Model Description
Pills can often be hard to identify at a glance, and they can sometimes be mixed up with others as a result. This can be dangerous as taking the wrong pills by accident can have serious health effects. Having some kind of detection model between different pills can help identify what each pill is to help ensure additional safety
Dataset & Procedure
This uses the dataset “Pill Detection Computer Vision Model” by Mohamed Attia, with photos also curated by them from Roboflow Universe. The dataset can be found here. In the original dataset, images were auto-oriented, resized, and stretched to 416x416. The images are of pills of various brands and colors on different backgrounds and backdrops. The dataset contains 496 images total, with 351 train, 98 valid, and 47 test.
The dataset was manually combed through on its annotations to double check and validate each image to ensure that the quality of the annotations is up to par. The annotations were not modified as they were all found to be accurate after manual validation.
Epochs: 350, but exited prematurely at 123 due to results starting to plateau
Batches: 65
Preprocesssing: Resize to 640x640
Patience: 50
Training Framework: Ultralytics
Hardware: Google Colab with T4 GPU
| Class Name | Number of Annotations |
|---|---|
| Blue | 59 |
| Cipro 500 | 111 |
| Ibuphil 600 mg | 2 |
| Ibuphil Cold 400-60 | 71 |
| Pink | 58 |
| Red | 60 |
| White | 60 |
| Xyzall 5mg | 71 |
Evaluation Results
mAP50: 0.7769
mAP50-95: 0.6273
Precision: 0.5778
Recall: 0.9691
With the results of this model, there is a very high recall but low precision.
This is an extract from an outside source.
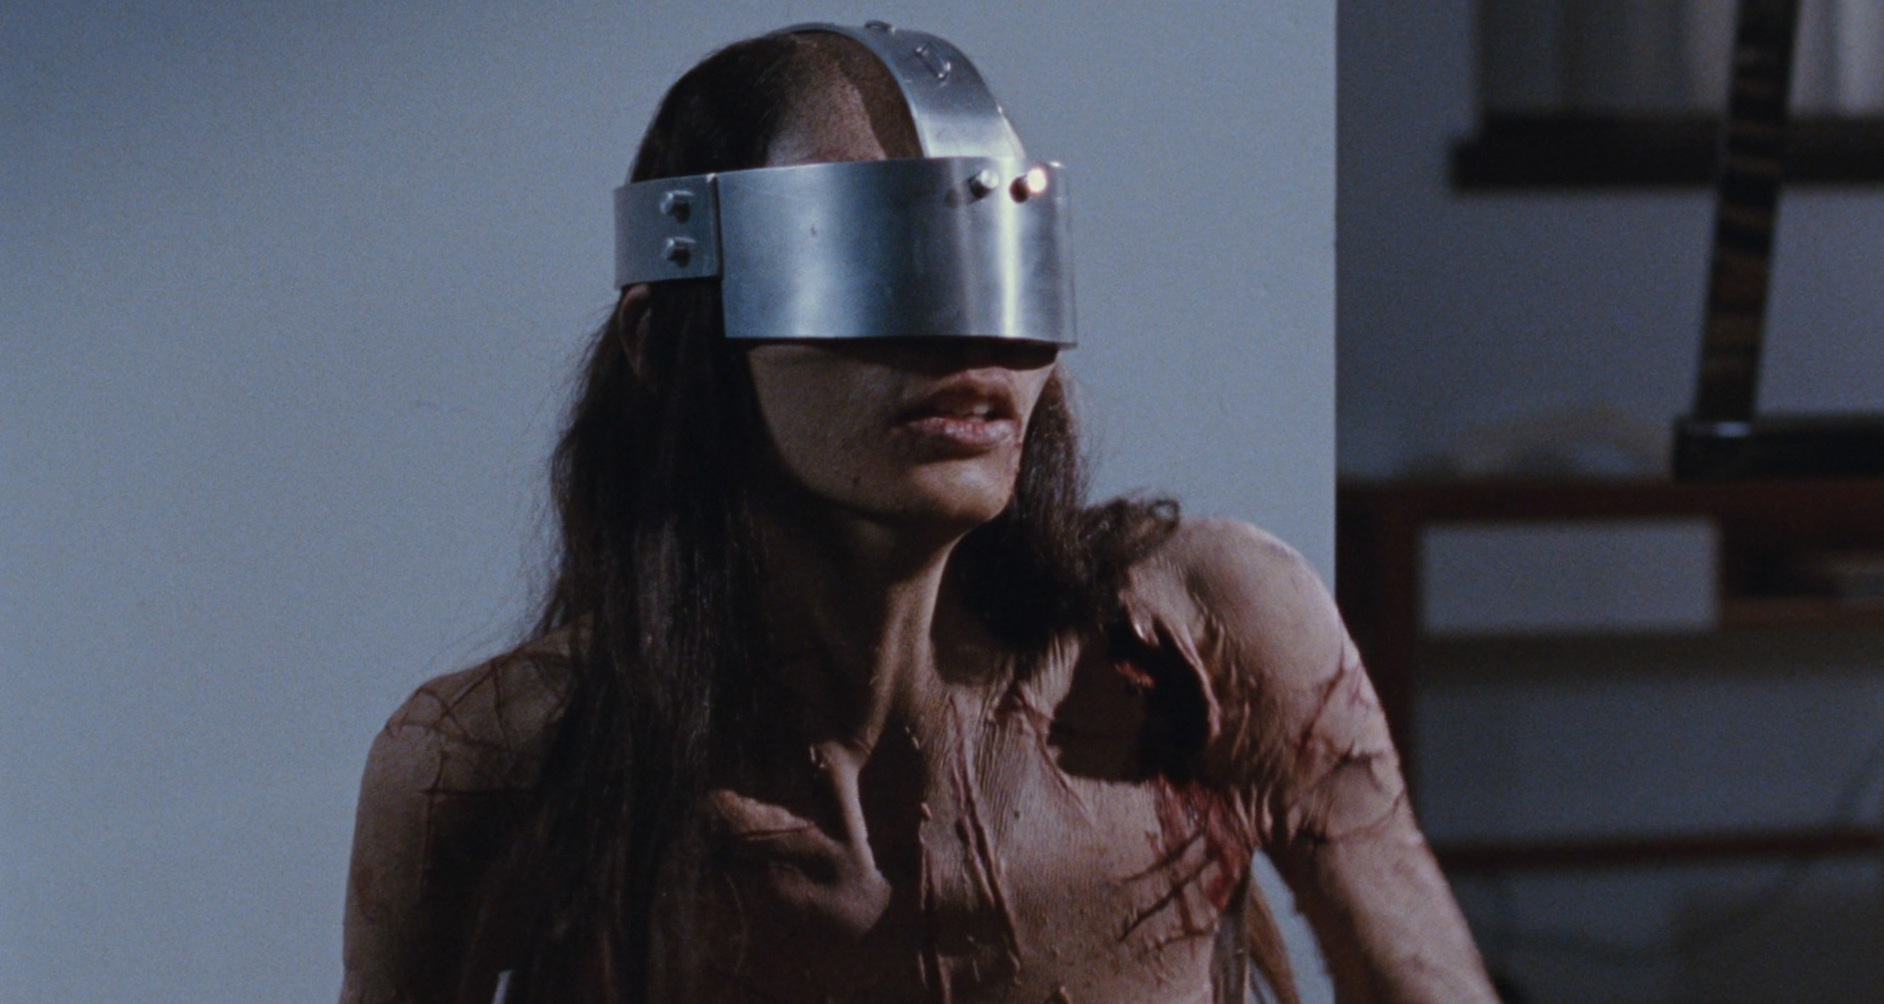 Woman skinned alive movie scene adult scenes

The original goal of the model was to hit around 80% accuracy but that number was missed by a large margin, and adjustments and tweaks to the model did not appear to make much of a difference. This is likely due to issues with the dataset, which will be talked about in the "Limitations and Biases" section. The high recall but low accuracy means that while it will likely detect any pills in an image, it can lead to a lot of false positives which is unwanted.
Limitations and Biases
This model has several concerns that limit it and cause a bit of difficulty. The dataset itself has a lot of class imbalance that makes it difficult to detect some specific pill types, and uses some general color categories rather than exact branded pills. This makes it harder to have more accuracy, and more inconsistent for the information being input into the model. It's also a challenge to add onto the model due to the specific pill types that are listed for improving or adjusting the dataset, as pills are not necessarily the most easy to access to create more images for training. The sample size is a lot smaller than some other datasets as it is under 500 images, so the data usable for training is smaller than it can be. All of these issues likely contribute to the struggles in reaching higher accuracy, and as a result it may make more sense for creating a completely new and separate dataset manually rather than relying on the one provided if one were to try and improve upon this premise.
With these limitations in mind, the intended purpose of being used for pills detection and sorting does not work as well and it may be better off being used for other purposes. It may be potentially usable in counting pills or detecting if a pill is in an image, but the risk then comes with the false positives as that can and would throw results off and defeat the purpose of the model.